Jake Hanson, Chief Operating Officer at Guardian Sports weighed in on the matter:
“The NFL’s facemask data confirms what the research has shown for years, roughly 50% of all impacts in football occur to the facemask, and it’s the area where helmet innovation has stalled for decades. At Guardian Sports, we’ve been working on this problem directly for the last several years. Our FLEX Chinstrap, powered by SoftShox hydraulic technology, is the first and only safety-focused chinstrap on the market. In independent lab testing, it achieved the lowest mean HARM score of any chinstrap tested, outperforming every competitor by 25% to 40%. The SoftShox technology behind it was developed at Stanford, supported by NIH grants, and validated in peer-reviewed research. Last season, 5+ NFL athletes and dozens of college players trialed the FLEX Chinstrap, and the Indiana Hoosiers, the reigning NCAA national champions, along with dozens of other programs, now have athletes wearing it in Spring camp. The Guardian Cap already addresses top-of-helmet impacts, now the FLEX Chinstrap closes the gap on facemask hits, which is exactly where the NFL’s own data says the problem is.On the flag side, the growth numbers are astronomical, and so is the rise of injuries. Just because flag is non-contact, doesn’t mean there is no contact. That’s why we developed our LOOP product, for those incidental blows that occur when athletes are playing at full speed. Virginia Tech’s Helmet Lab tested our LOOP headgear and found it reduced peak linear acceleration by roughly 70% compared to bare head across all impact locations. It earned a 5-star rating, and is the top rated headband in the US market. As flag football heads toward its Olympic debut in 2028, players at every level deserve the same commitment to safety innovation that tackle has always had. LOOP is that answer.
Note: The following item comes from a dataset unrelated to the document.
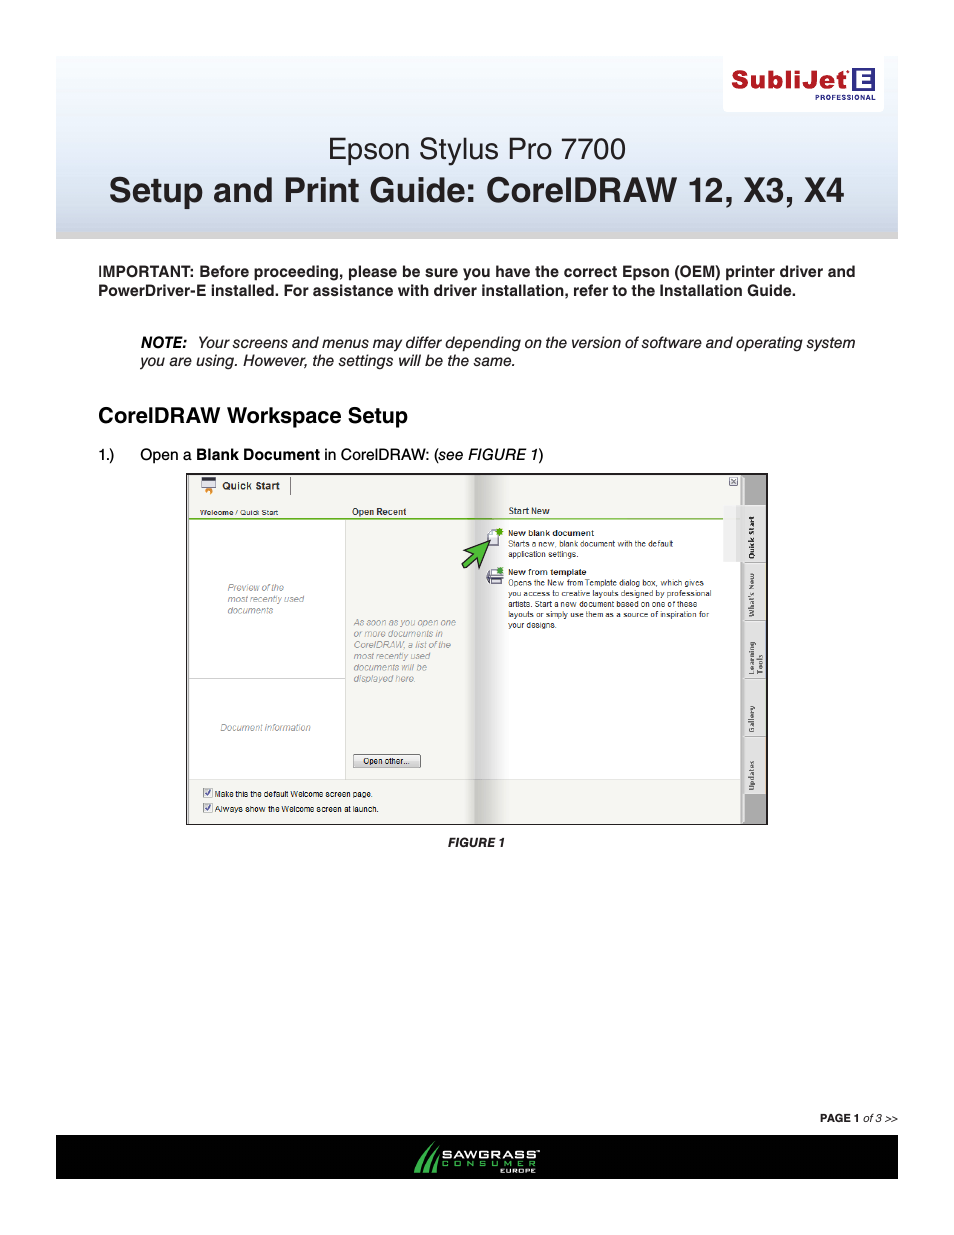 SubliJet E Epson Stylus Pro 7700 (Windows Power Driver Setup): Print & Setup Guide CorelDRAW 12 - X4

Safety innovation can’t stop at the shell. We’re building for the whole system & for every athlete.”
A Crowdsourced Push for Better Equipment
In response, the NFL announced its latest HealthTECH Challenge, a global crowdsourced competition inviting engineers, startups, academic teams, and established companies to develop improved facemask designs. The challenge, unveiled at a Super Bowl innovation summit in February, focuses specifically on how facemasks absorb and reduce the effects of on-field contact. Selected winners will receive up to $100,000 in aggregate funding along with expert development support.
“We’re looking for new ideas, and hopefully that will lead to further changes on how the helmet actually works,” Miller said.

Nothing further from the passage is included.